PROVIDED RECORDS START

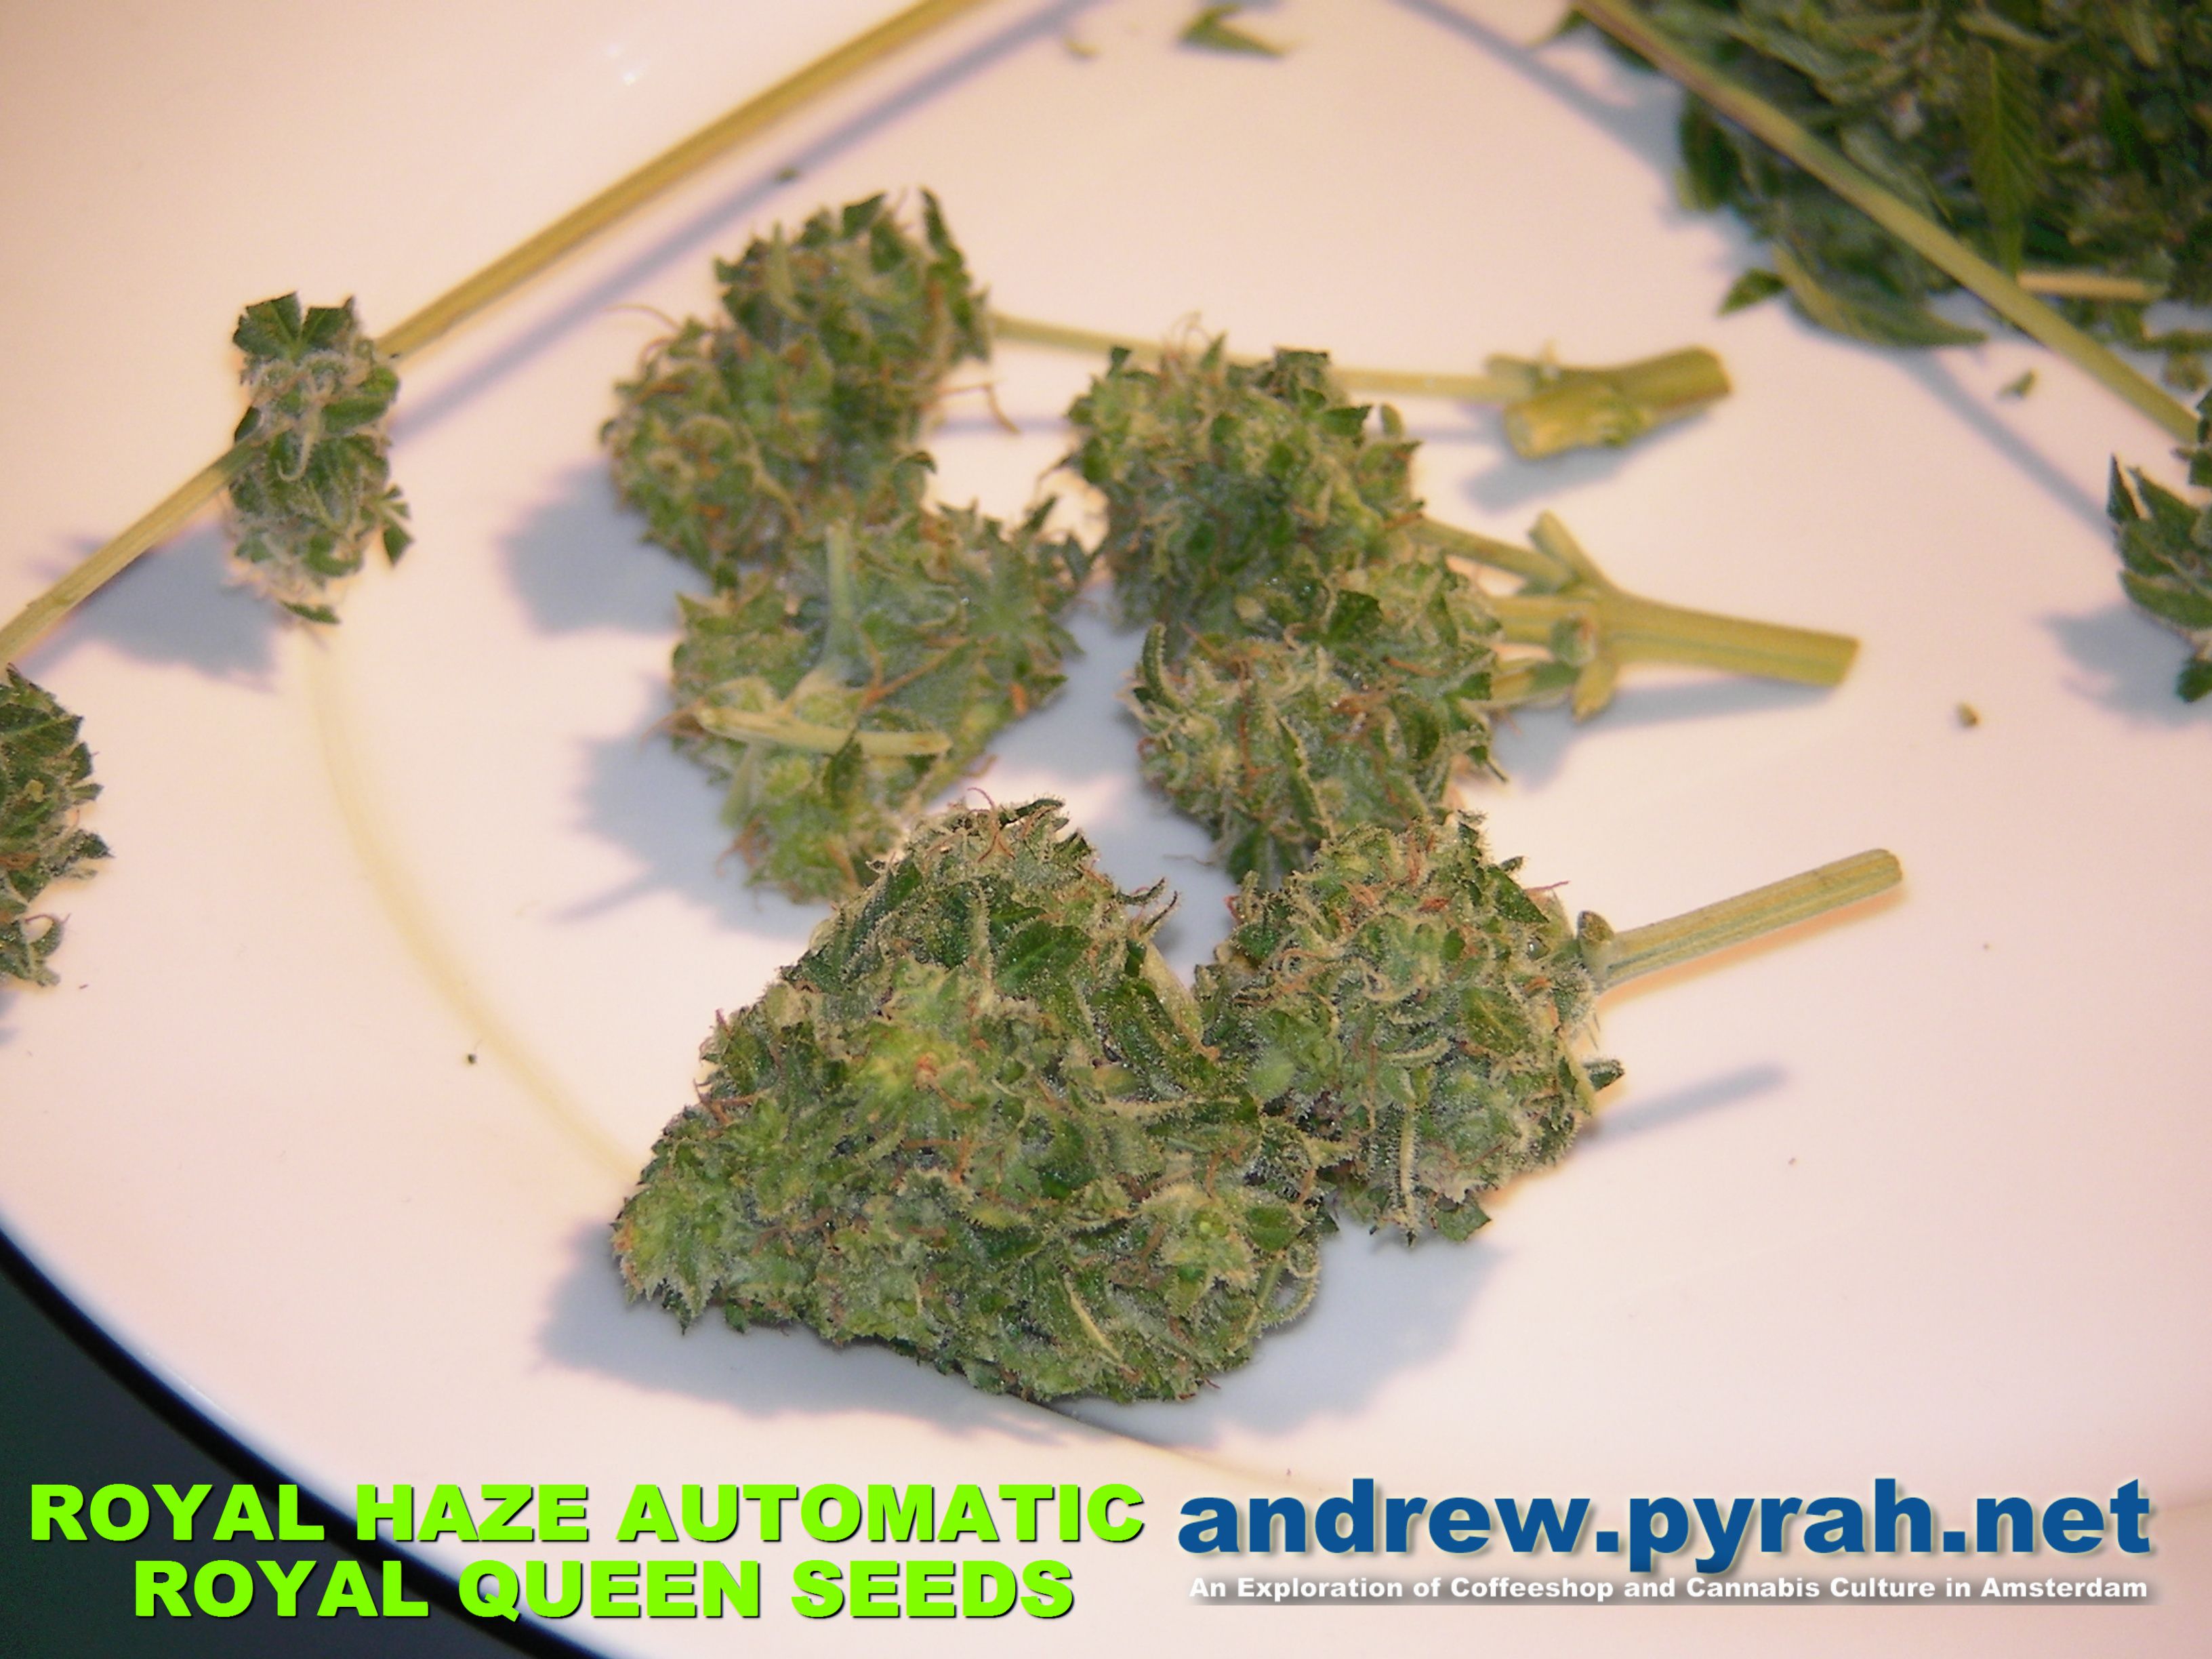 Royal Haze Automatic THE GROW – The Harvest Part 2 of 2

PROVIDED RECORDS END
PROVIDED RECORDS START

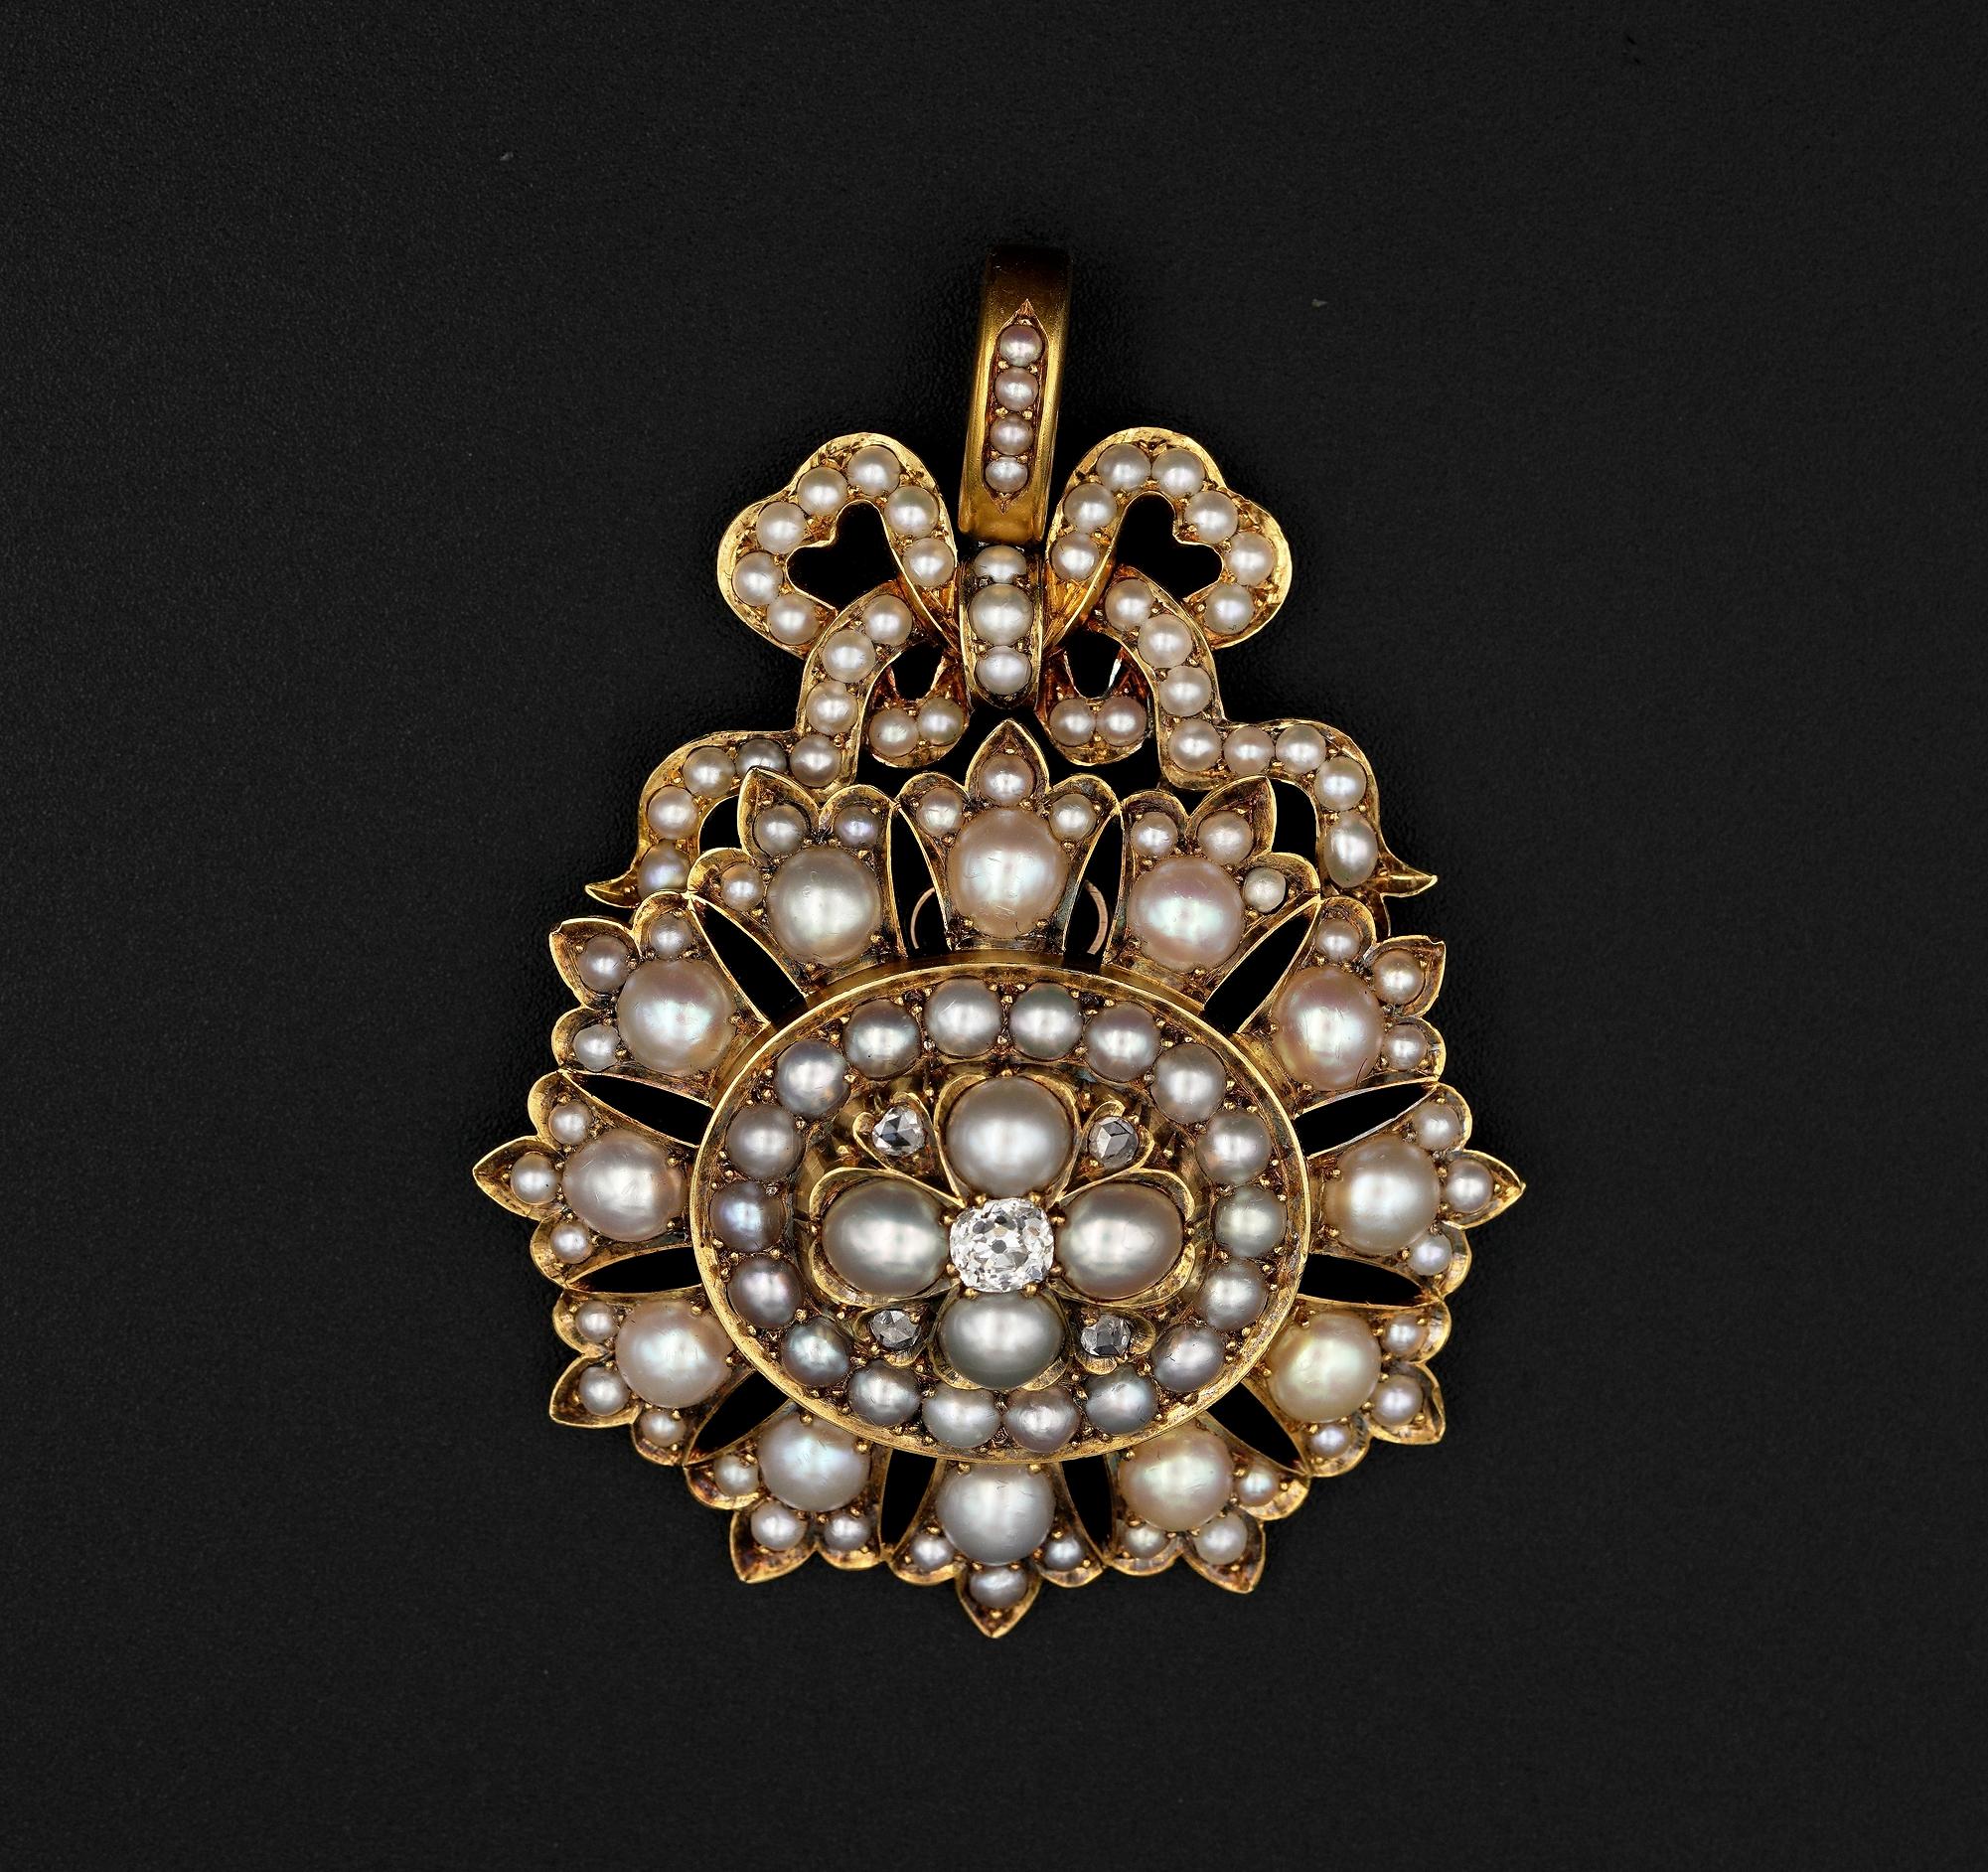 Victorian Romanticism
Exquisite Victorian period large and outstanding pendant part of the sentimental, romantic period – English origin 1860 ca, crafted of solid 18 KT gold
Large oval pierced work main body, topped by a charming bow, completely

PROVIDED RECORDS END

The lines to set down run from the line with "Victorian Romanticism" up to and including the line with "Large oval pierced" in the entries above. Reproduce them exactly, with no pictures.

 Victorian Romanticism
Exquisite Victorian period large and outstanding pendant part of the sentimental, romantic period – English origin 1860 ca, crafted of solid 18 KT gold
Large oval pierced work main body, topped by a charming bow, completely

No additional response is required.